Lowe, the city argues, “has not sought to amend his complaint to bring this indispensable party before the Court. The election is a mere 15 days away, and the hearing in this matter is November 1, 2024 – just 4 days away from the election.” That makes addressing the claim “impossible,” the city states.

Jay Livingston, one of two attorneys representing Lowe, has argued that “canvassing boards are irrelevant to these types of challenges because it is not about the election itself but the validity of the referendum because of how it is presented to voters when they cast their votes.” To Livingston, the results on Nov. 5 are irrelevant: “Even a tallied and certified amendment can be invalidated years after a election if the requirements of the ballot summary statute are not met.”

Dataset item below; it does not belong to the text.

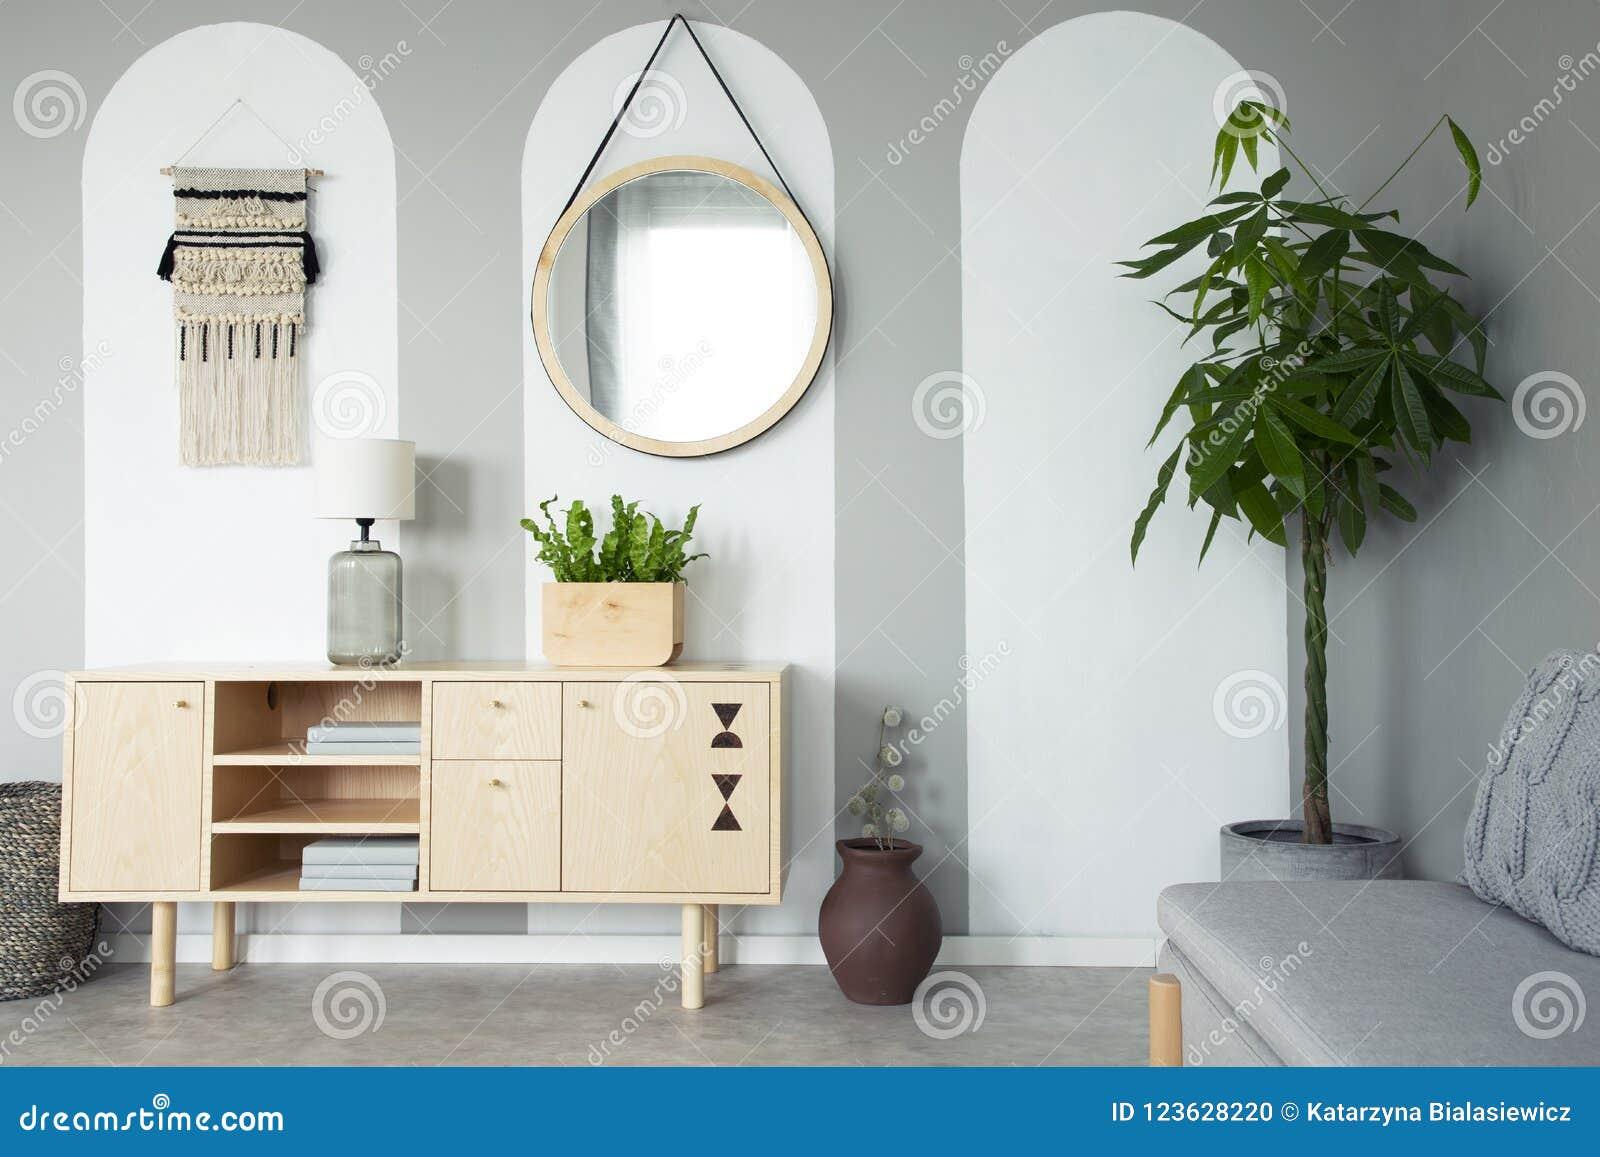 Miroir rond accrochant sur le mur en vraie photo de RO gris de vie

The city also points out that while the City Council originally approved the charter amendment language on July 16, it wasn’t until two months later that Lowe filed the lawsuit and asked for an expedited hearing. The pleading leaves silent what took place in the meantime: after the July approval, the council lost one of its members to a resignation and the charter language was brought up again several times, with two attempted votes to remove it from the ballot, or keep it from being counted. The city’s answer does not refer to the council’s splintering over the question.

“Florida law places minimal statutory requirements on ballot language,” Rachael Crews of GrayRobinson, the firm representing Palm Coast in this lawsuit, wrote in the city’s answer. “Stated simply, the ballot title and summary must contain clear and unambiguous language to fairly inform the voters of the amendment’s chief purpose, and the language must not be affirmatively misleading. There is no requirement the summary set out all the amendment’s details and ramifications, which is not possible given the 75-word statutory limit. Rather, the language is only meant to provide voters with fair notice of the issue. After that, it is the voter’s duty to educate himself before entering the voting booth.”

To the city, the ballot language meets that test without misleading voters. Crews’s answer simply asserts that conclusion without illustrating it, or answering the charge that voters are not told of what is being removed from their authority. She repeatedly claims that the language is “clear and unambiguous,” a claim even Pontieri, the council member at the edge of doubt over the amendment, would not use to describe it.

The answer is most forceful and convincing in its argument against court interference in an ongoing election, though such interference is not without precedent. At least twice Florida courts, including the Supreme Court, have invalidated similar municipal referendums after the vote was certified, because the language was misleading.